DATA
+++

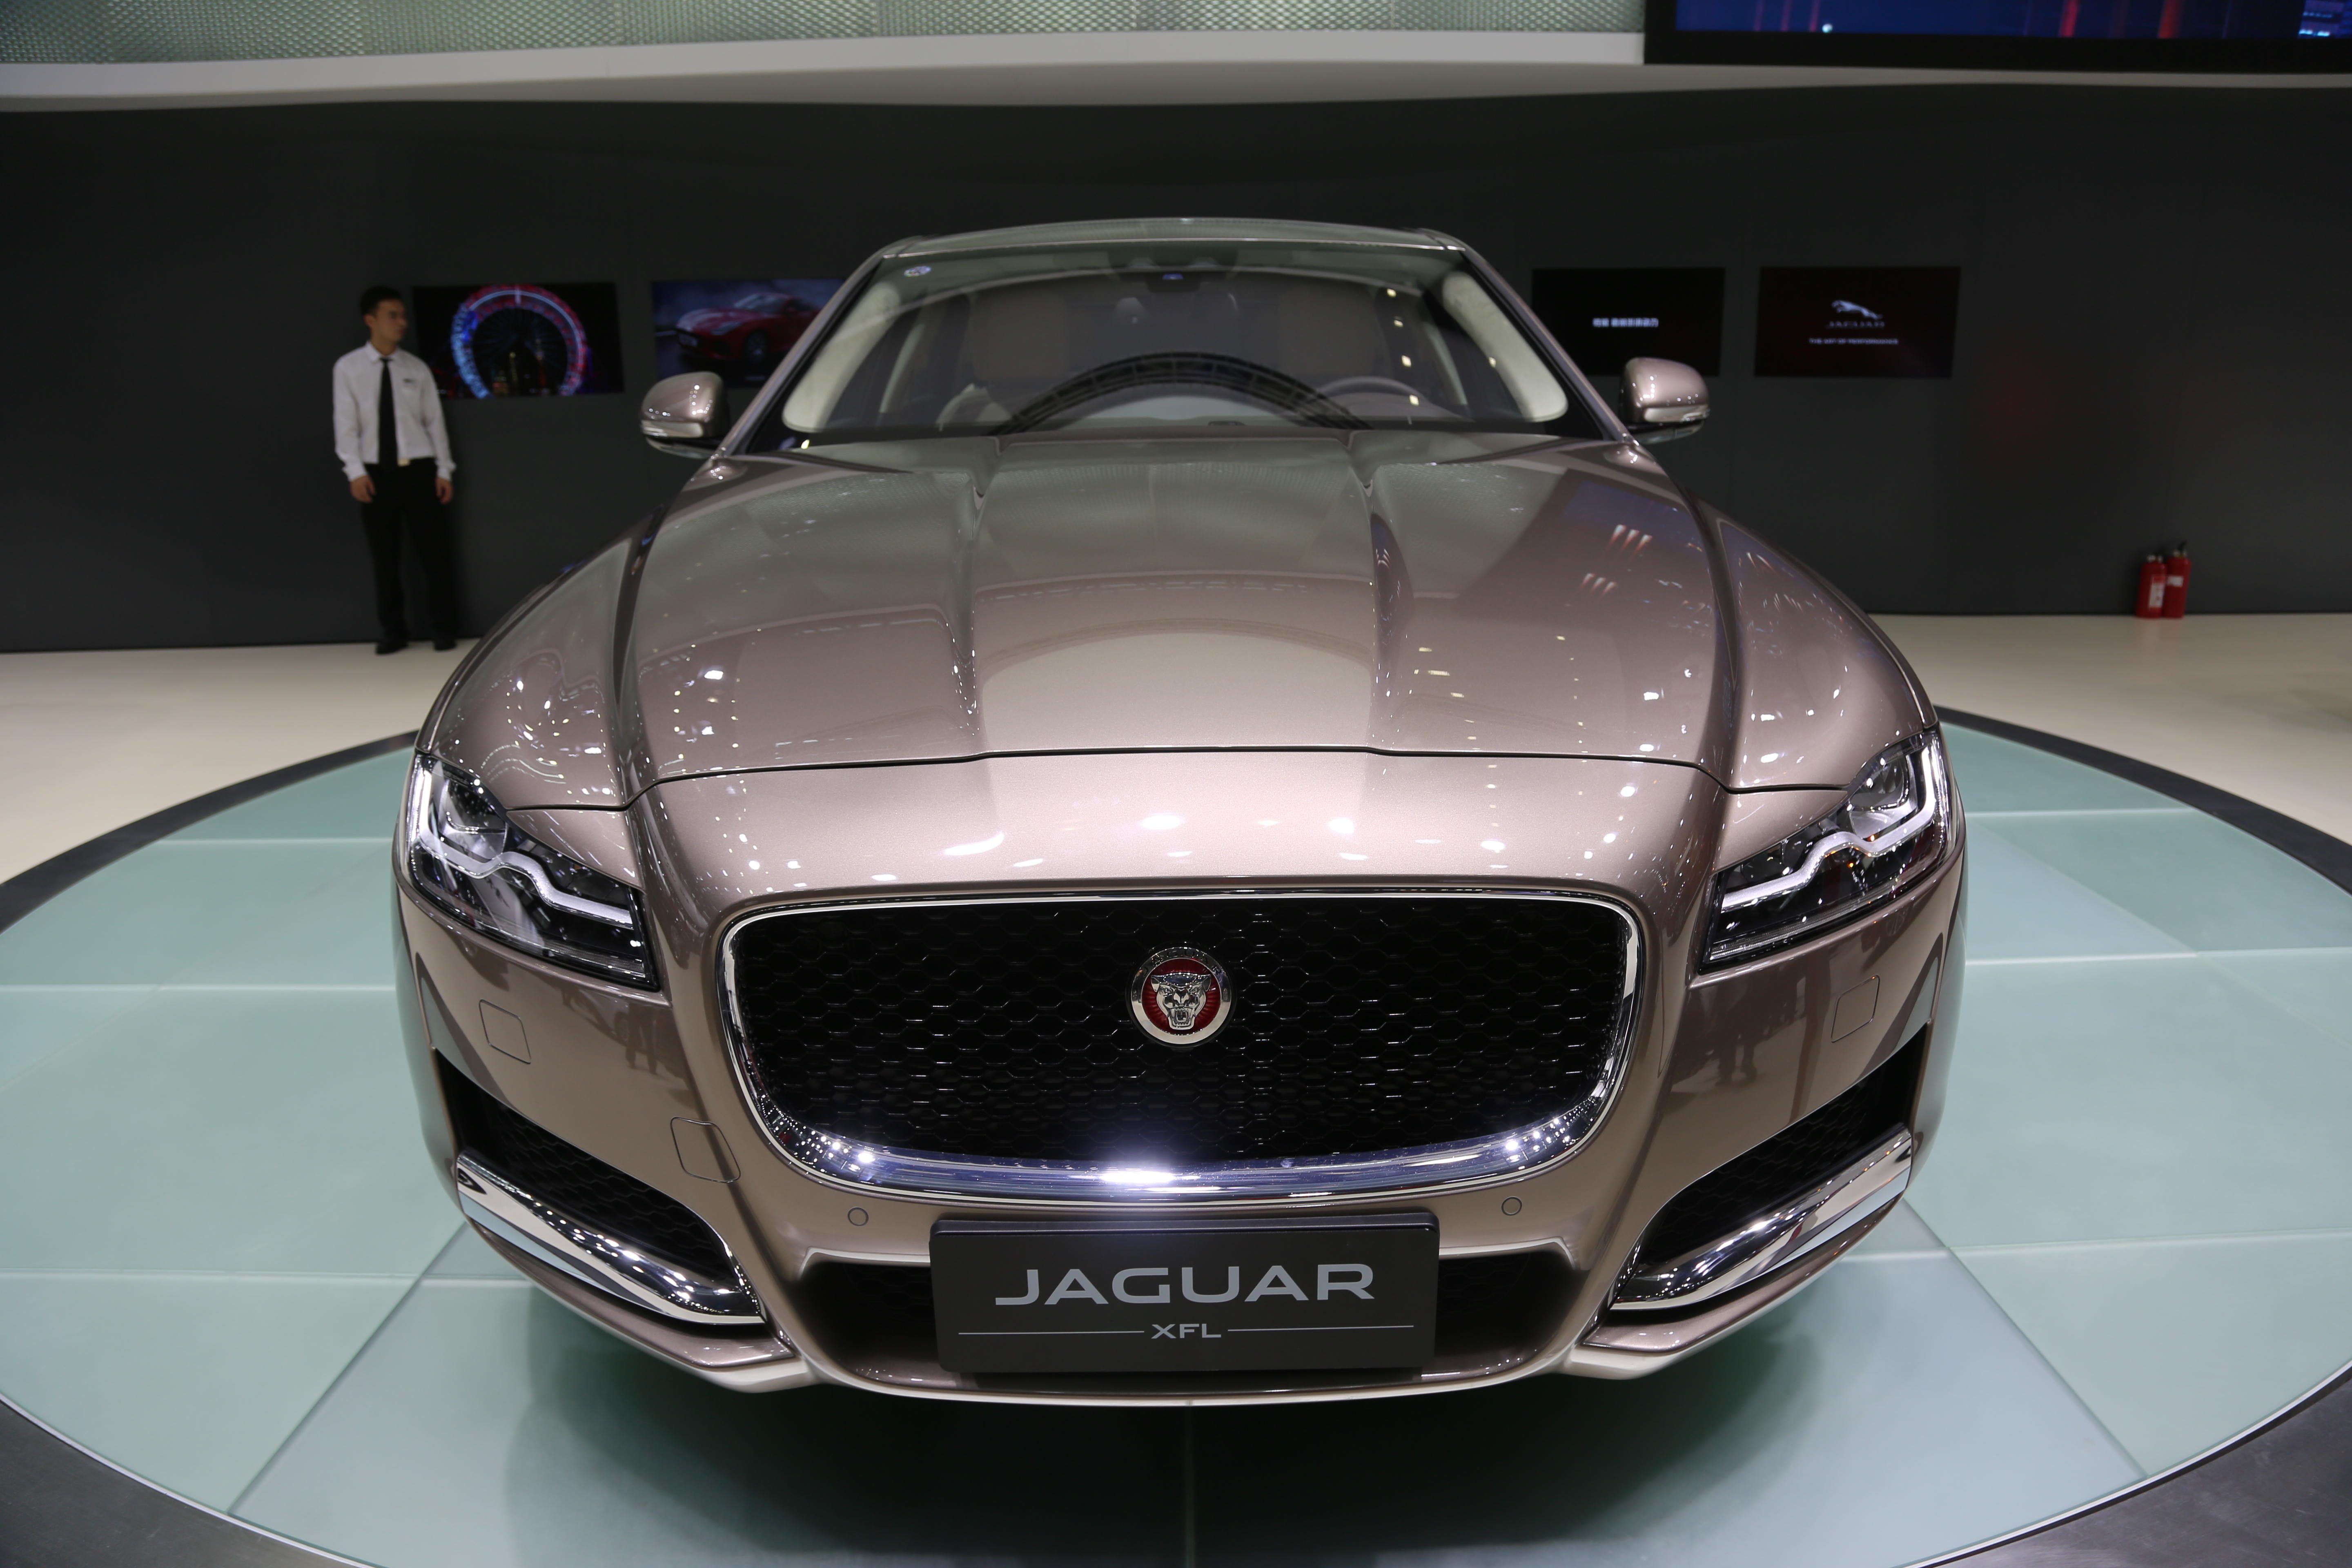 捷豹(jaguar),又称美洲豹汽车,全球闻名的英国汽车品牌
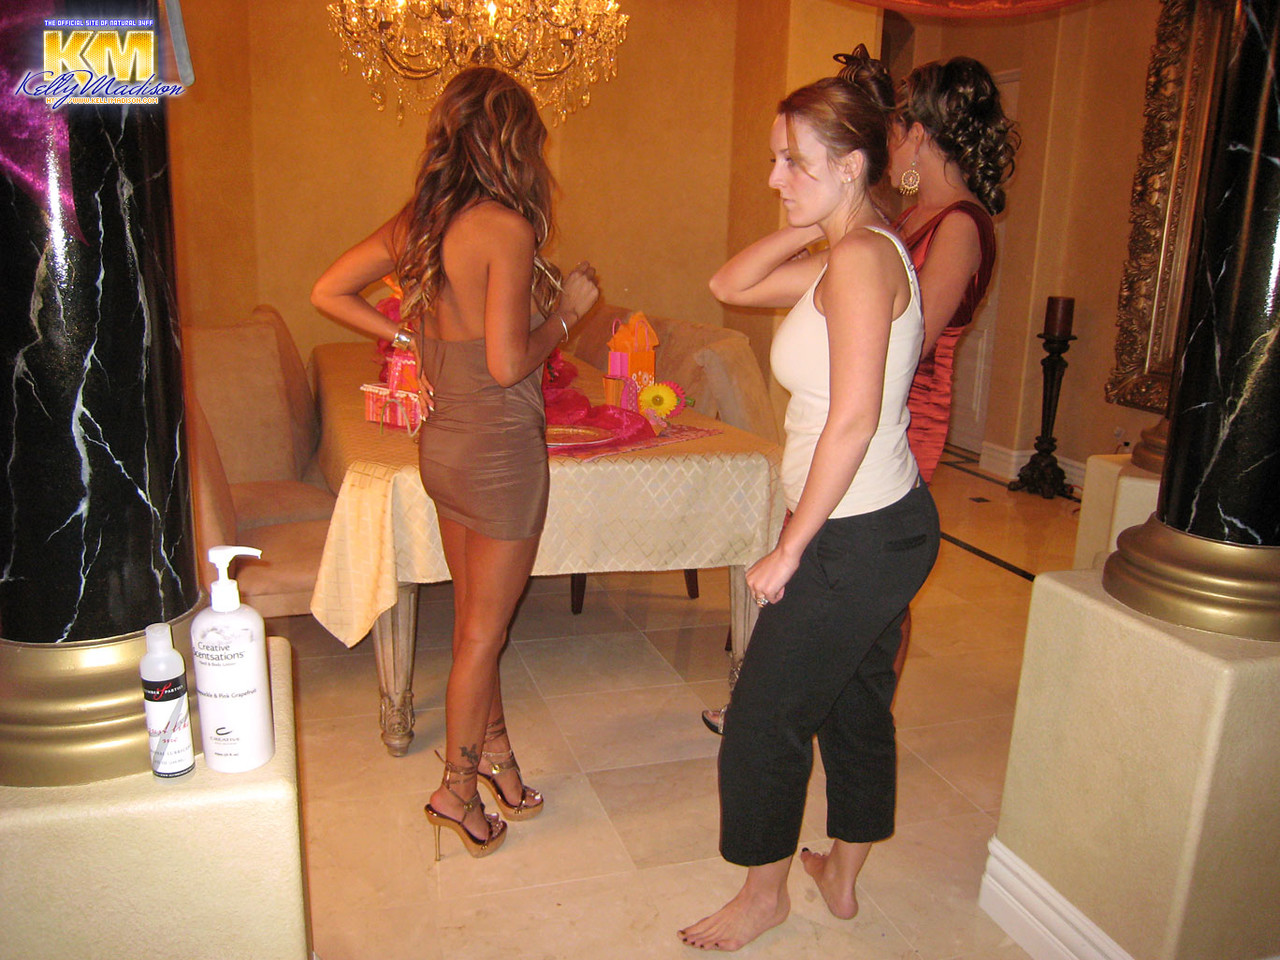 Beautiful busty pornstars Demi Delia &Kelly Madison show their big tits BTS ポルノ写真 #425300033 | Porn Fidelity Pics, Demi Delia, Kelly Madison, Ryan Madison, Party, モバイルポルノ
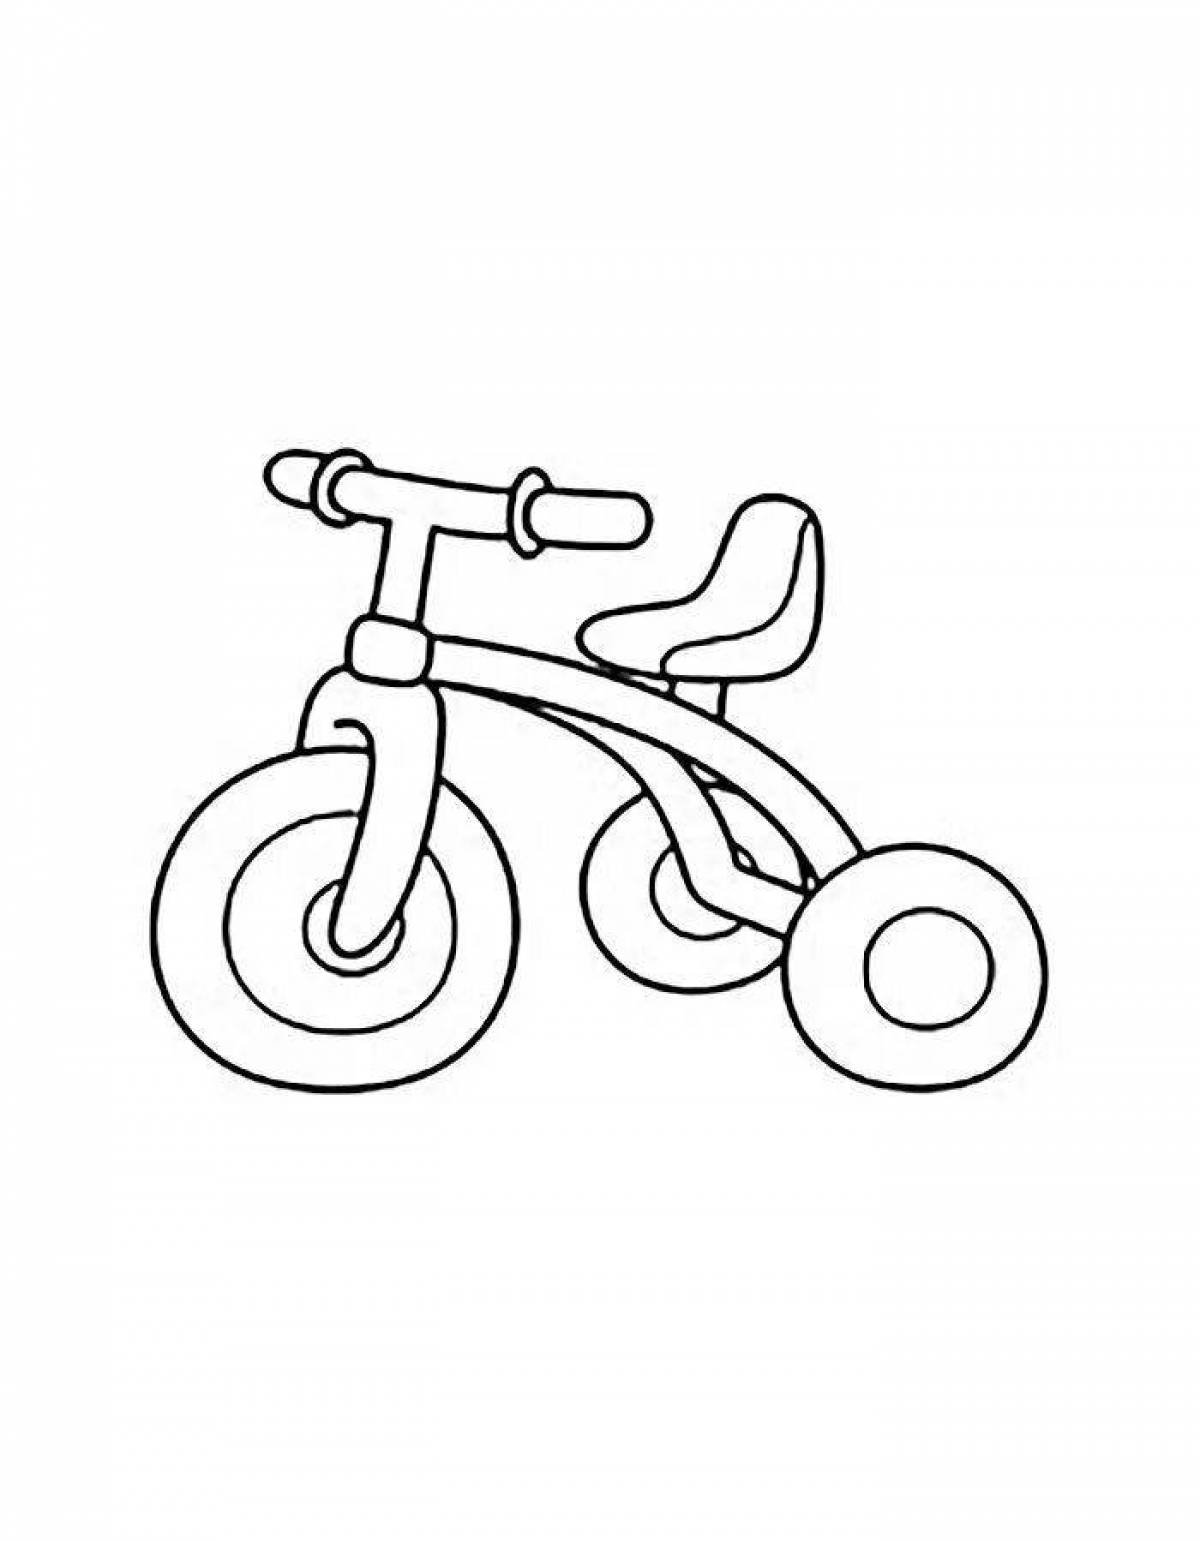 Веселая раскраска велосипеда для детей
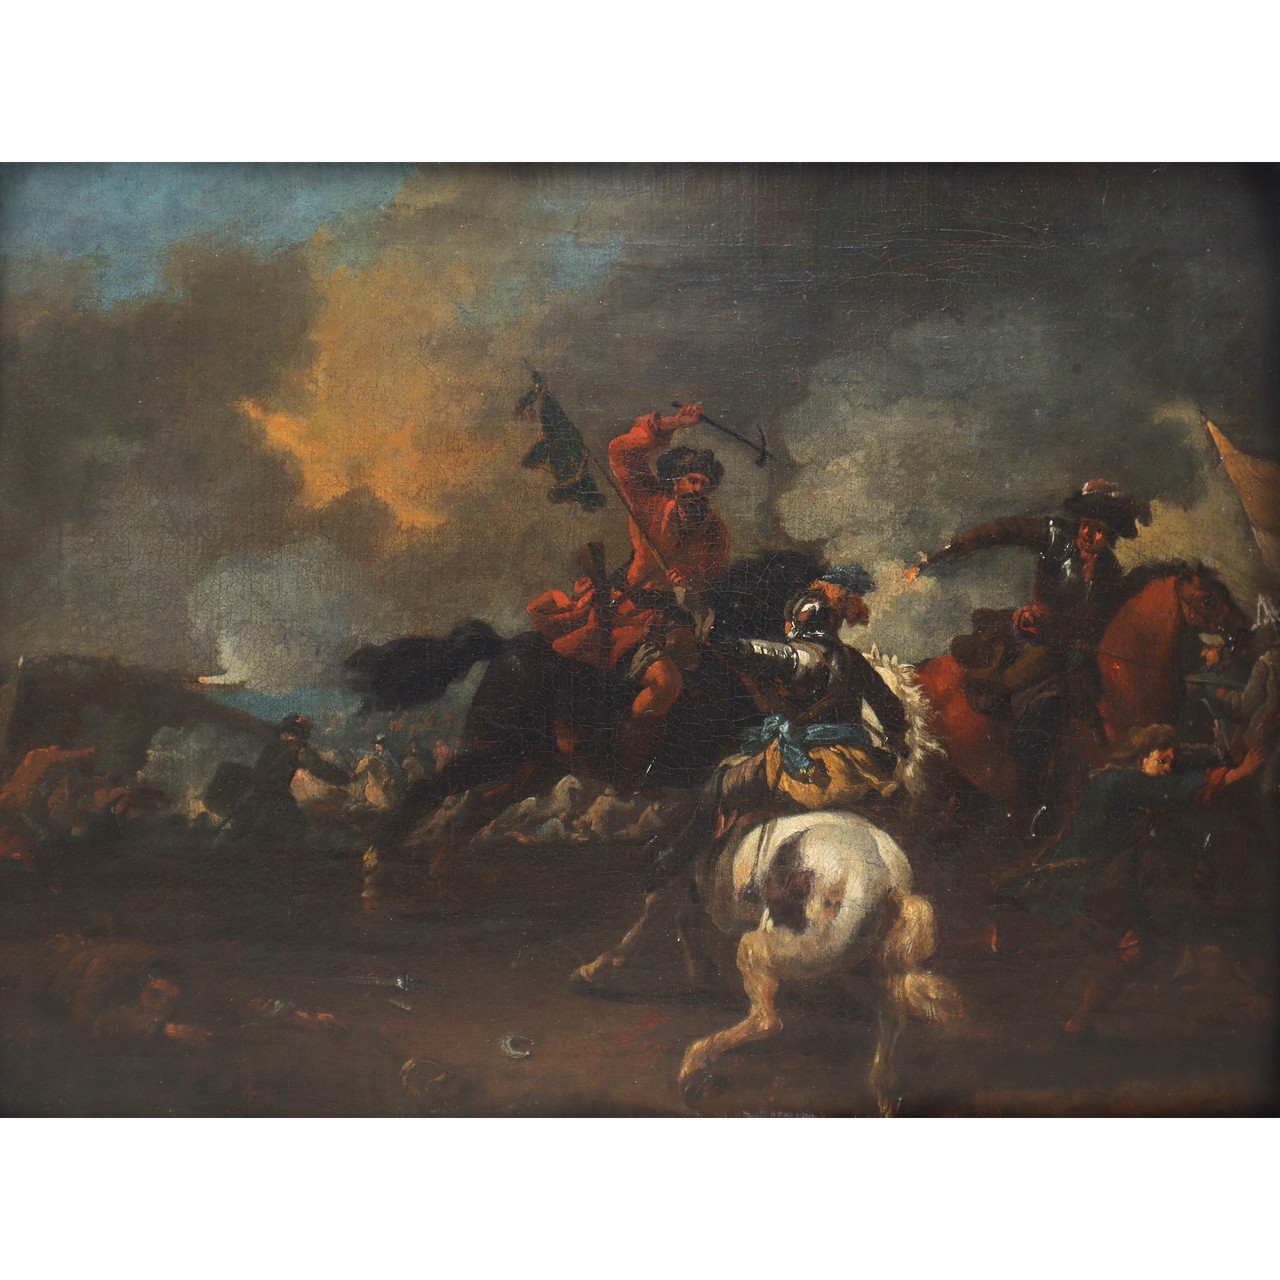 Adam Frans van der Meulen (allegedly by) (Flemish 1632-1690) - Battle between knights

+++

Send back the listing exactly as it stands. Do not include the pictures.

 捷豹(jaguar),又称美洲豹汽车,全球闻名的英国汽车品牌
 Beautiful busty pornstars Demi Delia &Kelly Madison show their big tits BTS ポルノ写真 #425300033 | Porn Fidelity Pics, Demi Delia, Kelly Madison, Ryan Madison, Party, モバイルポルノ
 Веселая раскраска велосипеда для детей
 Adam Frans van der Meulen (allegedly by) (Flemish 1632-1690) - Battle between knights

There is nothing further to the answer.